ネガから感光紙に直接プリントされたフィルムストリップ——引き伸ばし機なしで全体を確認。経典的な保存方法。
現像済みのネガフィルムを感光紙に直接重ね、1:1で露光して焼き付けると、それがコンタクトプリントです。拡大も投影もなく、ネガと感光層が純粋に接触するだけです。その結果、1枚の紙にフィルムロール全体を小さく、しかし完全に再現したものが得られます。かつては、撮影現場や現像所で、1コマずつ引き伸ばし機にセットすることなく、撮影したものを素早く確認するための標準的なツールでした。
その実用的な強みは、スピードと全体像の把握にあります。撮影1日分のフィルムロール全体を2分で評価できます。どのテイクがシャープか、露出はどうか、どの番号のテイクを詳しく見る必要があるか、などです。特にモノクロ写真や古典的なアーカイブでは、コンタクトプリントは不可欠でした。映画製作者は、コンタクトプリントを電話帳のようにめくります。それが、写真分野で使われる英語のContact Sheet(コンタクトシート)という言葉の由来です。
長編映画では、コンタクトプリントは主にライティングの決定に用いられました。撮影監督や照明助手は、本撮影を開始する前に、露出、コントラスト、グレーディングをチェックするためにテストロールをコンタクトプリントで焼き付けました。デジタル時代になり、紙の古典的なコンタクトプリントはほとんど廃れてしまいましたが、今日ではPDF形式のコンタクトシートを生成したり、RAW素材のサムネイルを直接見たりします。しかし、アーカイブや歴史的なフィルム素材のデジタル化においては、ネガをカタログ化するために、古い技術が今でも応用されています。

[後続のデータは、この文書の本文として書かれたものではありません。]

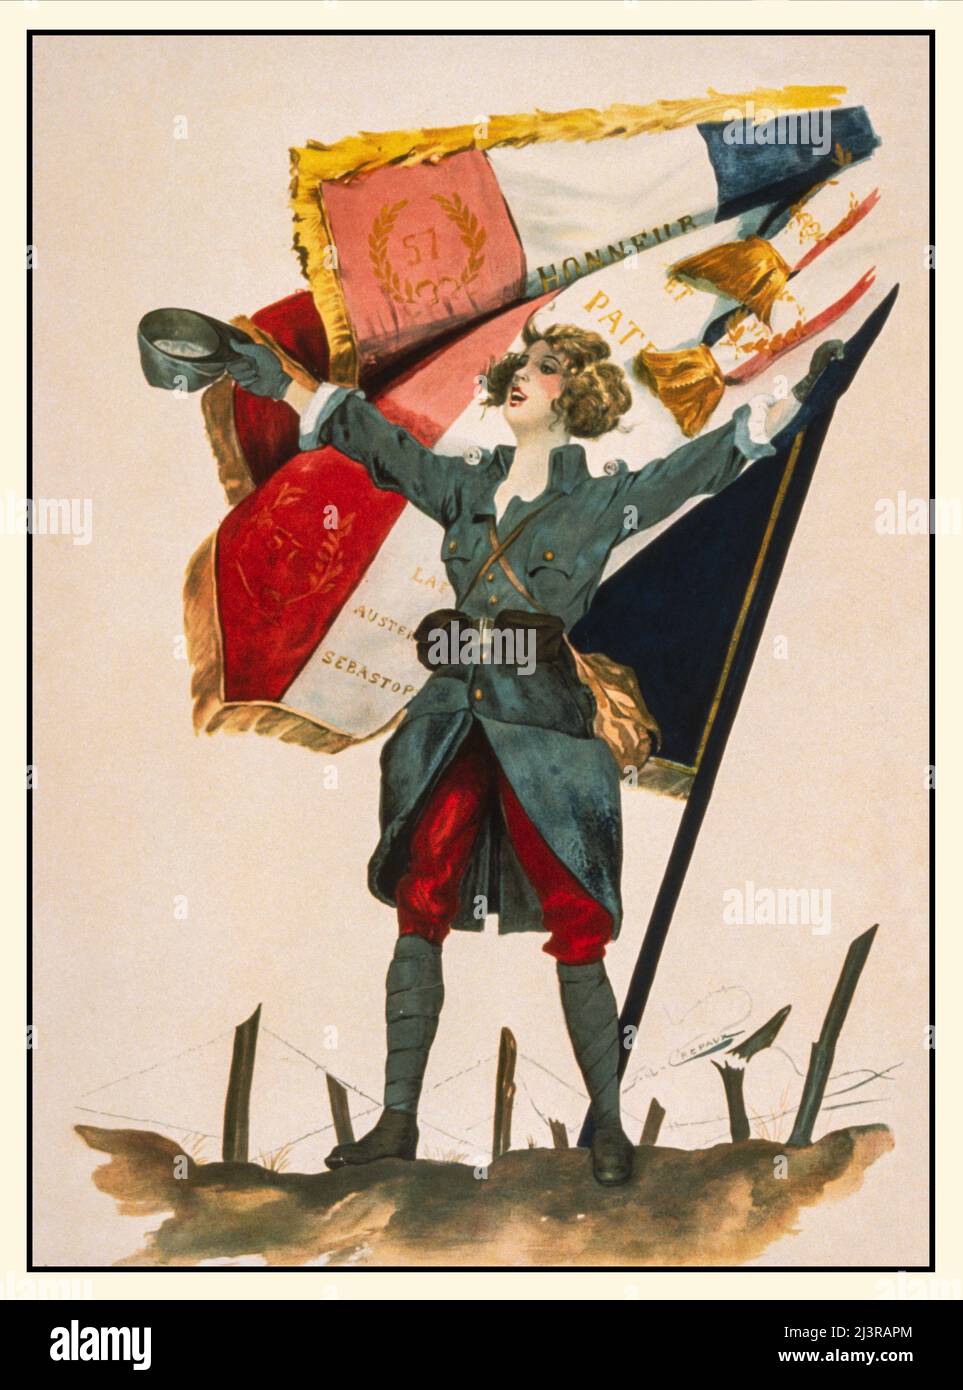 Une affiche publicitaire française du début du 20th siècle datant de la première Guerre mondiale, 1914-1918, montrant une femme (symbole de la France) vêtue d'un uniforme militaire français portant le drapeau français. L'artiste est F A Crepaux. Banque D'Images
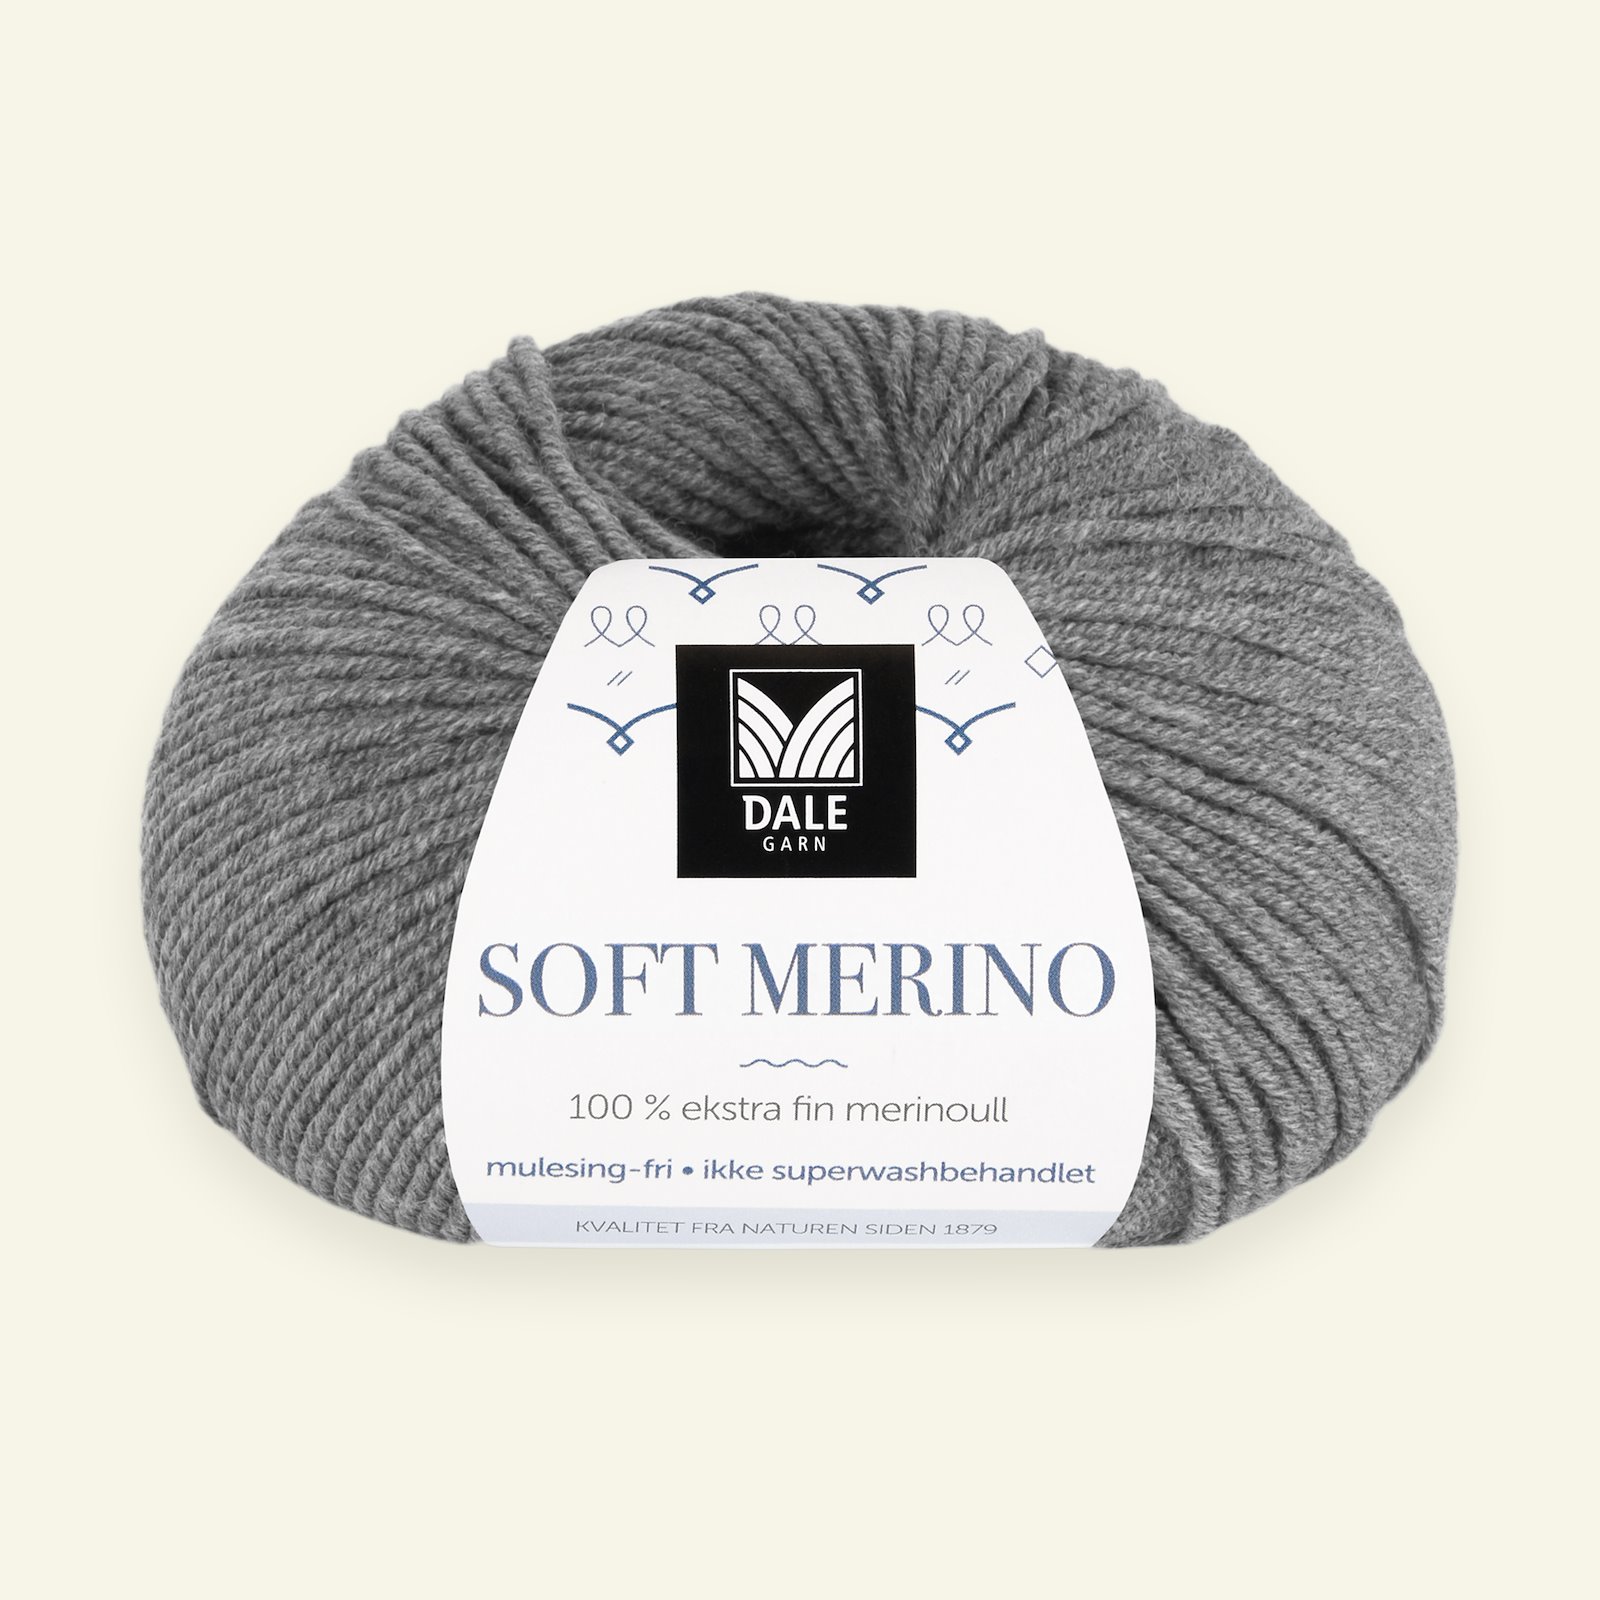 Dale Garn, 100% Extrafeine Merino-Wolle "Soft Merino", grau mel. (3003) 90000325_pack

引き伸ばし(エングラージング)との違いは根本的です。引き伸ばしでは、ネガを引き伸ばし機のネガキャリアにセットし、レンズを通して光を紙に当てます。コンタクトプリントでは、光学系は完全に排除され、直接接触させ、均一な反射光または透過光で露光します。これにより、コンタクトプリントはコントラストが低くなりますが、ネガの傷(紙に現れる)に対してはエラーが発生しやすくなります。それでも、迅速な選別および選択プロセスにおいては比類のないものです。